[Data extracted from a collection]
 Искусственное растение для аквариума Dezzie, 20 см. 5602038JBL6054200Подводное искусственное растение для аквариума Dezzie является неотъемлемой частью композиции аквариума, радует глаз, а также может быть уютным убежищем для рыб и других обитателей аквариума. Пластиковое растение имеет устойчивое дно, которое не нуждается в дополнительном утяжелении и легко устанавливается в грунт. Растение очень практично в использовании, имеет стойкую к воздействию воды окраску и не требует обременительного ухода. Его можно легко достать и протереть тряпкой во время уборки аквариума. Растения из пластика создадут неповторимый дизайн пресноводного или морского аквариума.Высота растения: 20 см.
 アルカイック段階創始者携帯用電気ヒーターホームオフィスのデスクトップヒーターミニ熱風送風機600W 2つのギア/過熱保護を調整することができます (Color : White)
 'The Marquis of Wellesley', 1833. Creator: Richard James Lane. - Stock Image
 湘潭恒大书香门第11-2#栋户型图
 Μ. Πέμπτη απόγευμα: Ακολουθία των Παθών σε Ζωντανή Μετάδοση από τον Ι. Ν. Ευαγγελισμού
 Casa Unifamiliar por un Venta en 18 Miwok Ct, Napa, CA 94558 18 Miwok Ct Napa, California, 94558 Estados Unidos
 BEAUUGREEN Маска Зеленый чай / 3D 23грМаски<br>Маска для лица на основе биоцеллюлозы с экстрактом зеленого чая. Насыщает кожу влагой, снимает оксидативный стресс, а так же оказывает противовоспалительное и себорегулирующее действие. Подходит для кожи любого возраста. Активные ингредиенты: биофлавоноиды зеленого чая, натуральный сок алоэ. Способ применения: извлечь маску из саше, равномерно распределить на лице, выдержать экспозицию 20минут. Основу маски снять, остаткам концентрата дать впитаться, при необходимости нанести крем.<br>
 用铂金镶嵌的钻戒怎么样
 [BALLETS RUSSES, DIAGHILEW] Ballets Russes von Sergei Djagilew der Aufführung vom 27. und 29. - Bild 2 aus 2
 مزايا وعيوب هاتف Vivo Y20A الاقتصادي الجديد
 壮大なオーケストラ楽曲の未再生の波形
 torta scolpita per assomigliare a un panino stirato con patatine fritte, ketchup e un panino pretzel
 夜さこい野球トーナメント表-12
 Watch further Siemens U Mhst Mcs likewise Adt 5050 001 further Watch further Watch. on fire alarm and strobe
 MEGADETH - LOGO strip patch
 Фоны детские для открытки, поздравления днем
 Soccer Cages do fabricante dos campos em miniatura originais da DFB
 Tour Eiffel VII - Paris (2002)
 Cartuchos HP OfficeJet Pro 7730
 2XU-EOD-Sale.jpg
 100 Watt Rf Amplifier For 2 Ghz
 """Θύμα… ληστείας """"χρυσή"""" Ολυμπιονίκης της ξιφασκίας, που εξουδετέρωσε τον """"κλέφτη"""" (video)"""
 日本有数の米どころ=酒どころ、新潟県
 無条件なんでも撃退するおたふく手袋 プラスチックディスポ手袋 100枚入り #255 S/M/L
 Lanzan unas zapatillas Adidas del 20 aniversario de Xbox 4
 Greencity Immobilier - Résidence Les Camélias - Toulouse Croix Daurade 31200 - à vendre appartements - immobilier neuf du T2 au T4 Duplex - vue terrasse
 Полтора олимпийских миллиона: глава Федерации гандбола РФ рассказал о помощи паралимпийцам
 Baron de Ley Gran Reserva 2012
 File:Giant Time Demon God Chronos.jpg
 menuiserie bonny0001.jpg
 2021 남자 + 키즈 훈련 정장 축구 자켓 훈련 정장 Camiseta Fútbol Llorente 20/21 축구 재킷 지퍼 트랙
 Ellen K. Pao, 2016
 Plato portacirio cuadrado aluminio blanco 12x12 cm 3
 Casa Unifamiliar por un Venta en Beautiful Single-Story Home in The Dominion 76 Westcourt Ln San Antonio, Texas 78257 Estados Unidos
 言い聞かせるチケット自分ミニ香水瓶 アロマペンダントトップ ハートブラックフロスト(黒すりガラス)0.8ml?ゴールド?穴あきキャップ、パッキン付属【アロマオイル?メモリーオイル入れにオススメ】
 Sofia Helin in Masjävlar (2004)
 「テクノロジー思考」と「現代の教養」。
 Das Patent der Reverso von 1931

## WHAT YOU ARE ASKED TO DO
So that nothing is lost, write out each record exactly as it appears above.

## SOLUTION TO THE EXERCISE
 Искусственное растение для аквариума Dezzie, 20 см. 5602038JBL6054200Подводное искусственное растение для аквариума Dezzie является неотъемлемой частью композиции аквариума, радует глаз, а также может быть уютным убежищем для рыб и других обитателей аквариума. Пластиковое растение имеет устойчивое дно, которое не нуждается в дополнительном утяжелении и легко устанавливается в грунт. Растение очень практично в использовании, имеет стойкую к воздействию воды окраску и не требует обременительного ухода. Его можно легко достать и протереть тряпкой во время уборки аквариума. Растения из пластика создадут неповторимый дизайн пресноводного или морского аквариума.Высота растения: 20 см.
 アルカイック段階創始者携帯用電気ヒーターホームオフィスのデスクトップヒーターミニ熱風送風機600W 2つのギア/過熱保護を調整することができます (Color : White)
 'The Marquis of Wellesley', 1833. Creator: Richard James Lane. - Stock Image
 湘潭恒大书香门第11-2#栋户型图
 Μ. Πέμπτη απόγευμα: Ακολουθία των Παθών σε Ζωντανή Μετάδοση από τον Ι. Ν. Ευαγγελισμού
 Casa Unifamiliar por un Venta en 18 Miwok Ct, Napa, CA 94558 18 Miwok Ct Napa, California, 94558 Estados Unidos
 BEAUUGREEN Маска Зеленый чай / 3D 23грМаски<br>Маска для лица на основе биоцеллюлозы с экстрактом зеленого чая. Насыщает кожу влагой, снимает оксидативный стресс, а так же оказывает противовоспалительное и себорегулирующее действие. Подходит для кожи любого возраста. Активные ингредиенты: биофлавоноиды зеленого чая, натуральный сок алоэ. Способ применения: извлечь маску из саше, равномерно распределить на лице, выдержать экспозицию 20минут. Основу маски снять, остаткам концентрата дать впитаться, при необходимости нанести крем.<br>
 用铂金镶嵌的钻戒怎么样
 [BALLETS RUSSES, DIAGHILEW] Ballets Russes von Sergei Djagilew der Aufführung vom 27. und 29. - Bild 2 aus 2
 مزايا وعيوب هاتف Vivo Y20A الاقتصادي الجديد
 壮大なオーケストラ楽曲の未再生の波形
 torta scolpita per assomigliare a un panino stirato con patatine fritte, ketchup e un panino pretzel
 夜さこい野球トーナメント表-12
 Watch further Siemens U Mhst Mcs likewise Adt 5050 001 further Watch further Watch. on fire alarm and strobe
 MEGADETH - LOGO strip patch
 Фоны детские для открытки, поздравления днем
 Soccer Cages do fabricante dos campos em miniatura originais da DFB
 Tour Eiffel VII - Paris (2002)
 Cartuchos HP OfficeJet Pro 7730
 2XU-EOD-Sale.jpg
 100 Watt Rf Amplifier For 2 Ghz
 """Θύμα… ληστείας """"χρυσή"""" Ολυμπιονίκης της ξιφασκίας, που εξουδετέρωσε τον """"κλέφτη"""" (video)"""
 日本有数の米どころ=酒どころ、新潟県
 無条件なんでも撃退するおたふく手袋 プラスチックディスポ手袋 100枚入り #255 S/M/L
 Lanzan unas zapatillas Adidas del 20 aniversario de Xbox 4
 Greencity Immobilier - Résidence Les Camélias - Toulouse Croix Daurade 31200 - à vendre appartements - immobilier neuf du T2 au T4 Duplex - vue terrasse
 Полтора олимпийских миллиона: глава Федерации гандбола РФ рассказал о помощи паралимпийцам
 Baron de Ley Gran Reserva 2012
 File:Giant Time Demon God Chronos.jpg
 menuiserie bonny0001.jpg
 2021 남자 + 키즈 훈련 정장 축구 자켓 훈련 정장 Camiseta Fútbol Llorente 20/21 축구 재킷 지퍼 트랙
 Ellen K. Pao, 2016
 Plato portacirio cuadrado aluminio blanco 12x12 cm 3
 Casa Unifamiliar por un Venta en Beautiful Single-Story Home in The Dominion 76 Westcourt Ln San Antonio, Texas 78257 Estados Unidos
 言い聞かせるチケット自分ミニ香水瓶 アロマペンダントトップ ハートブラックフロスト(黒すりガラス)0.8ml?ゴールド?穴あきキャップ、パッキン付属【アロマオイル?メモリーオイル入れにオススメ】
 Sofia Helin in Masjävlar (2004)
 「テクノロジー思考」と「現代の教養」。
 Das Patent der Reverso von 1931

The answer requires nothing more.